Your product list changes once per week. Cache it, serve it as static content and save load (and money) on infrastructure costs.
Search Results - Truly Dynamic?
Imagine you are responsible for a search engine. A company internal engine or a worldwide engine such as Google. It doesn’t matter.
Is Google truly dynamic? Would you want it to be?
- How dynamic do you want your search engine to be?
- Imagine a user repeatedly searches for “hammer”. Would they really want a different top result every time or would they want some consistency between searches?
- How “fresh” should the search results be?
- Do you cache results per user or across the userbase?
- As soon as one user searches for “hammer”, does this user see the same top results repeatedly or do all users see this set of results?
Caching Third Party Calls
Caching third party calls can save money, improve performance and reliability.
I recently wrote some software that took input from a user which included a UK postcode. The software performed a geo-lookup of the latitude
and longitude
(using a third party service) then plotted the location on map.
I therefore had two choices when designing this application:
- Store the postcode in the database. Perform the geo-lookup for all postcodes every time the user viewed the map.
- Do the geo-lookup once and store the latitude and longitude in the database. Thus to render the “map view”, the software doesn’t need the third party again.
I decided on option 2 for three reasons:
- Geographic locations of postcodes are unlikely to change often. To all intents and purposes, they’re static.
- Each geo-lookup costs money. Fewer calls to the 3rd Party = Less money spent.
- Each geo-lookup makes us reliant on a third party. Fewer calls = Less reliance on sites we don’t control.
Eagle eyed viewers will recognise that we could take this a step further: Since the lat / long
data is static, we could simply store this as a static file and thus avoid the database call.
The Downside of Caching
As we’ve seen, caching is basically saving a static copy of some data and returning that copy to the user, rather than the “real” (underlying) data.
One big issue with caching is when the cached copy becomes “out of date”.
Scenario - Ecommerce Prices
A company releases new products and prices once per week. They’ve decided to cache their product pages each week. This is working perfectly… Until a staff member realises they’ve misplaced a decimal point so their product is $10.00 and not the $100.00 it should cost.
Does the company simply wait a week and live with the lost revenue?

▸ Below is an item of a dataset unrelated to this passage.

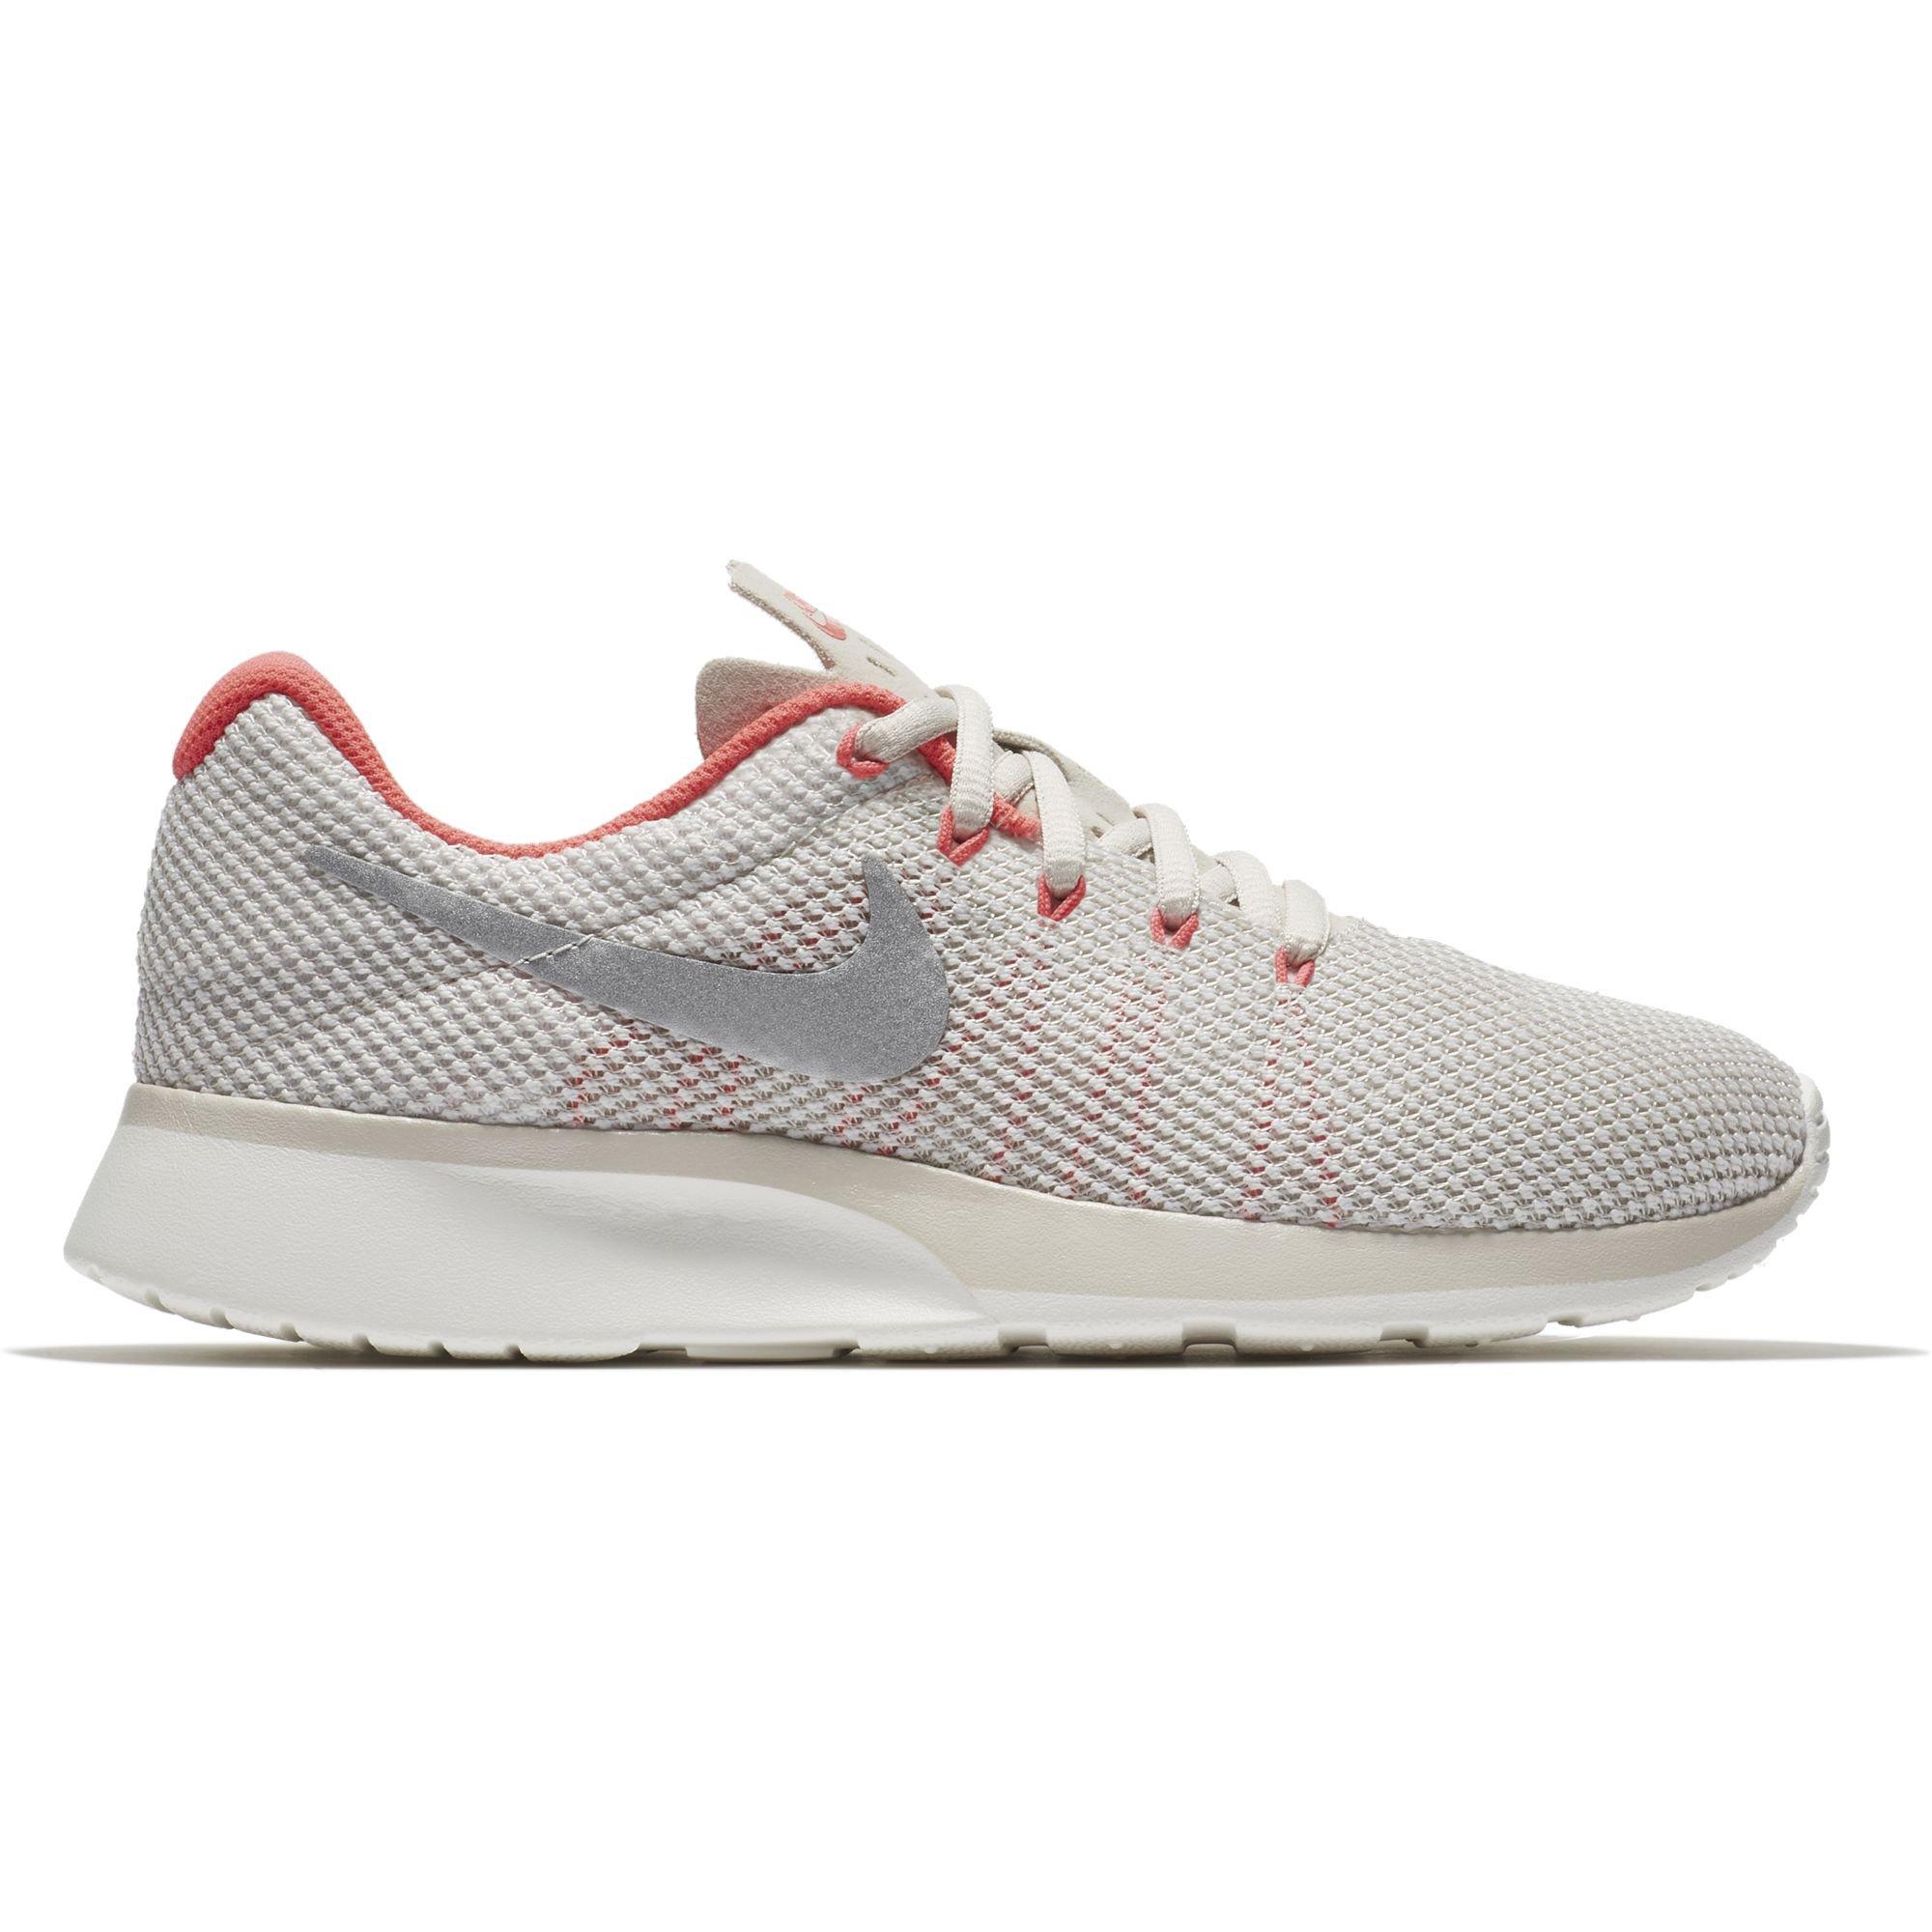 Nike Women's Tanjun Racer Running Shoe LT Orewood Brn/Chrom-Sail-Solar Red 9

Scenarios - Misworded Blog
A blog has decided to cache their posts. Unfortunately, an author has misspelled a word and thus introduced a swear word into a blog post. The blog post cache updates once a month. You can see the potential for embarrassment here…
Conclusion
As with most things in life, there is no singular answer on how / when or why to use caching. It all depends on your application, use-case and (in a lot of cases) organisational policies.
Notice that I also haven’t discussed the technical mechanisms (or how we cache the data) at all in this post. Again, it depends on your specific use-case.
There’s always a different way to do things. Is it worth it? Will the benefits to my users outweigh the cost and effort of making the change?
As with all web performance topics, there’s almost always a different way to do things. The question is: Is it worth it? Will it really bring benefits to my users and do those benefits outweigh the effort of making the change in the first place.